On my machine, `rm -i` with a yes to a read-only file does delete that file. But maybe I'm misunderstanding what you mean by it being a no-op.
> touch foo
> chmod 400 foo
> ls -l
total 0
-r-------- 1 joshua joshua 0 Mar 26 00:06 foo
> rm -i foo
rm: remove write-protected regular empty file 'foo'? y
> ls -l
total 0
> but there is another problem i have with using an alias, this may not apply to you, but i work on multiple machines and in containers, and i keep creating new ones for projects, that there is a high risk that i forget to set the alias. so every time i use rm i can't be sure, did i set the alias, or did i not. and if i rely on 'rm' always asking me, then it makes me complacent. ah, i don't have to pay attention because rm will ask me anyways.Oh yea. I've definitely run into this. Luckily, a large percentage of my stuff off my dev machine is backed by code, so I can usually just throw things away and bring them all the way back up.

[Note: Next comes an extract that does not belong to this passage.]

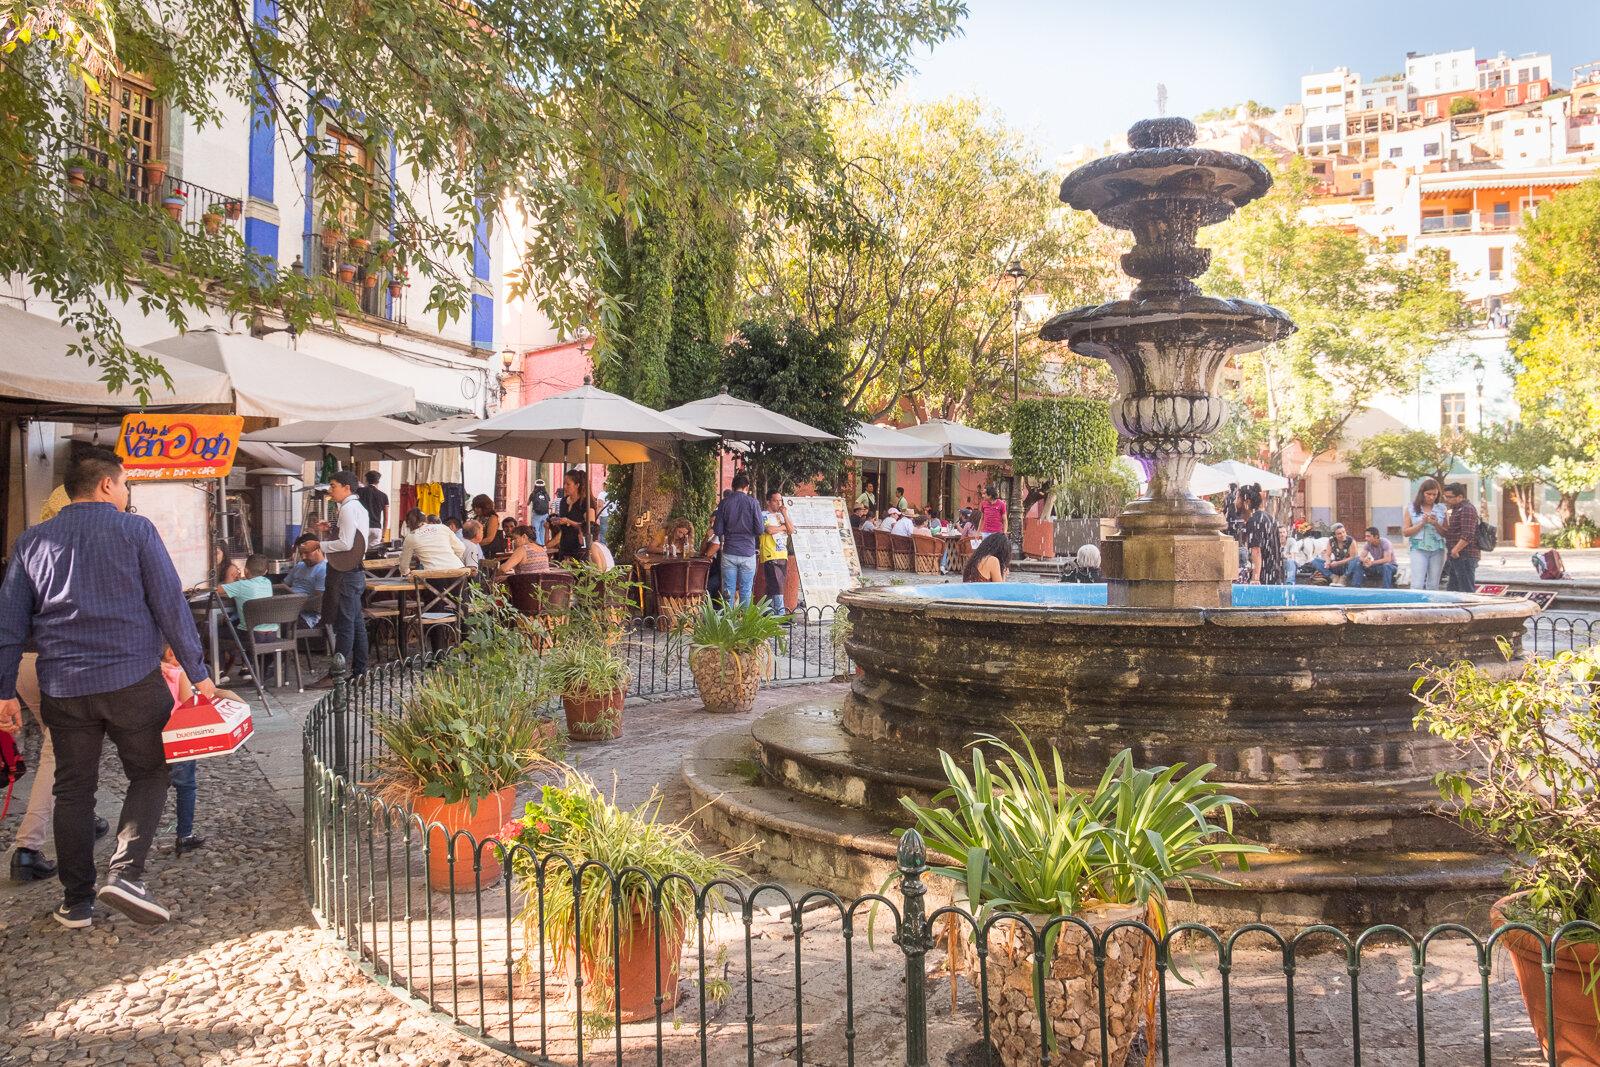 2019.10.8_Mexico_Guanajuato15_Britt first year.jpg

> writing 'rm -i' explicitly every time makes it much easier to see that '-i' is indeed being invoked. it makes me pay attention and i know that i am running the command that i want. it's three extra characters to type each time, but it has become muscle memory. i don't think about it anymore, except when verifying what i typed. the '-i' just has to be there.
Ha. I know that feeling, and this is probably something I should've let happen to me with these dangerous commands. Would definitely make my experience with cp a lot better. I have so many aliases I've made to make my life easier, but I just end up typing in the full command every time. :D
'rm' (without '-i') does exactly the same. so for read-only files, '-i' changes nothing.
whereas '-f' does change the behavior of 'rm' on read-only files. it doesn't just override '-i'.
I had thought you mean that `rm -i` would do nothing to read-only files. Not that the flag itself was a no-op.